Change	Stated reason	Actual cost
Lower default effort	Latency matters	Perceived IQ drop
Cache aggressively	Money matters	Thinking history destroyed every turn
Constrain response length	Readability matters	3% benchmark hit

The problem is that agent quality is multi-dimensional, and the postmortem made visible something most vendors quietly hope users do not notice. You cannot A/B test an agent the way you A/B test a search ranker. The feedback loop is noisy, delayed, and routed through the subjective experience of people who already had a rough day.

Anthropic did the right thing by publishing the timeline. Most vendors do not.

At Glincker

At Glincker I am building tooling that assumes the underlying model is going to wobble, not that it is going to be stable. The orchestration layer logs enough to catch regressions my users cannot articulate. The retry logic notices when the agent is burning effort without making progress. The postmortem did not change my plan. It confirmed it.

The bottom line

Three bugs, four weeks, an ecosystem of developers quietly wondering if they should switch tools.
Short evals would not have caught any of them.
Prompt versions, per-turn token logging, and long-session evals are the minimum viable drift detectors.
When you build on top of an agent, you are depending on a product team's prompt, their cache policy, and their default settings. All three can change without a version bump you would notice.

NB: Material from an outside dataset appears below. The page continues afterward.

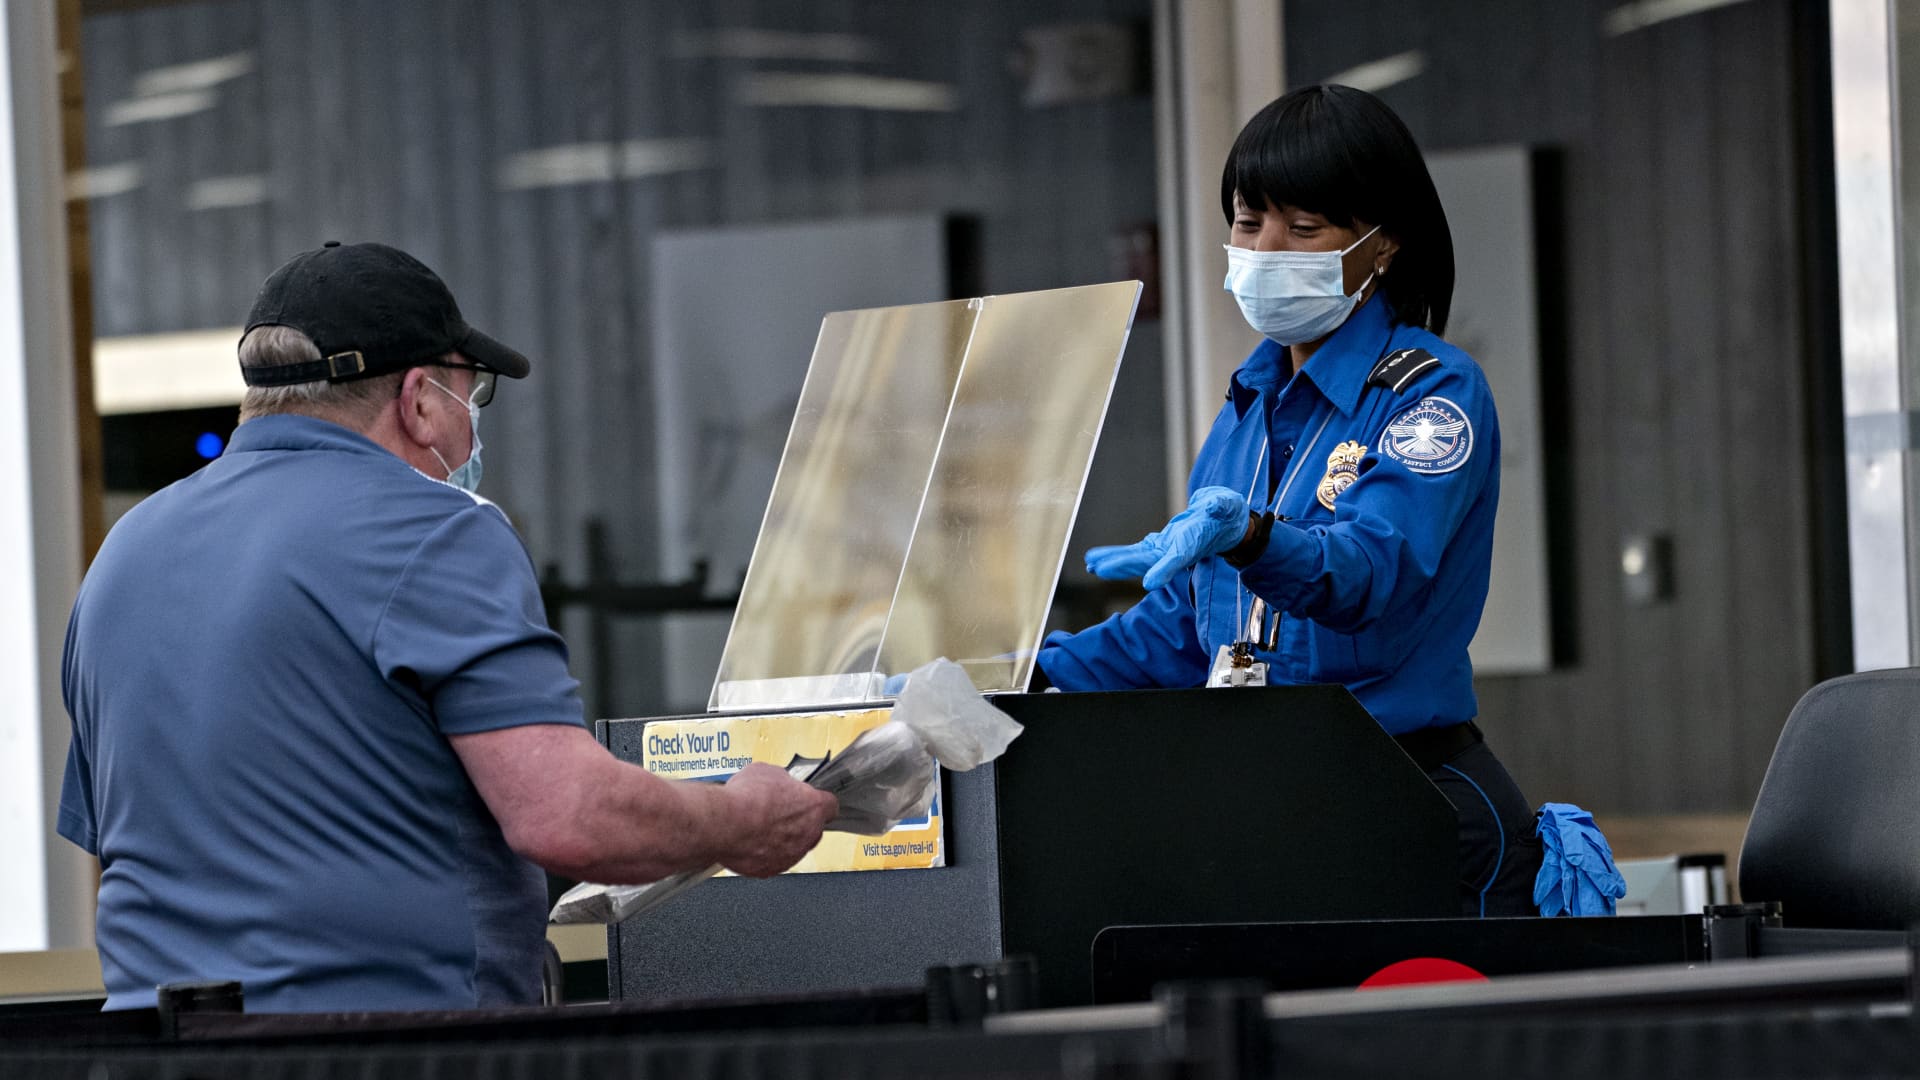 A Transportation Security Administration (TSA) agent wears a protective mask and stands behind a protective barrier while screening a traveler at Ronald Reagan National Airport (DCA) in Arlington, Virginia, U.S., on Tuesday, June 9, 2020.

Read the full postmortem. Then look at whether your own tooling would have caught any of these regressions. Mine would not have, fast enough. I have some work to do.

Top comments (1)

PEACEBINFLOW • Apr 24

The distinction between a config change and a model change collapsing in an agent product is the idea I'm still turning over. In a traditional API, changing a default parameter is a footnote. In an agent, changing the reasoning budget changes the product. There's no clean line between "infrastructure" and "behavior" when the infrastructure is doing the thinking.

What strikes me is that all three bugs were individually reasonable decisions viewed through a single lens. Lower default reasoning to improve latency—reasonable. Clear cache after inactivity—reasonable. Cap response length for readability—reasonable. But agent quality isn't single-lens. It's this diffuse, multi-dimensional thing that only degrades in ways users feel as vibes. "Claude felt dumber" isn't a metric you can put on a dashboard, but it's the only metric that actually matters.

The caching bug in particular reads like a classic distributed systems gotcha dressed up in AI clothing. A cache invalidation that fires every turn instead of once is just a state management bug, but because the state is the model's memory, the symptom is degraded reasoning. The fix is a CLI patch, not a model update. That feels like the shape of a lot of future incidents: infrastructure bugs that present as intelligence failures, because intelligence is increasingly an infrastructure property.

Makes me wonder if we need a new category of observability for agent systems—something that monitors not error rates or latency percentiles, but the subjective quality density of the output. Token-per-turn logging is a start, but it's a proxy. The real signal is "did the session feel productive?" and that's still stuck in the realm of human intuition. How close can we get to measuring that mechanically before it starts to feel like we're just building vibe checkers for AI?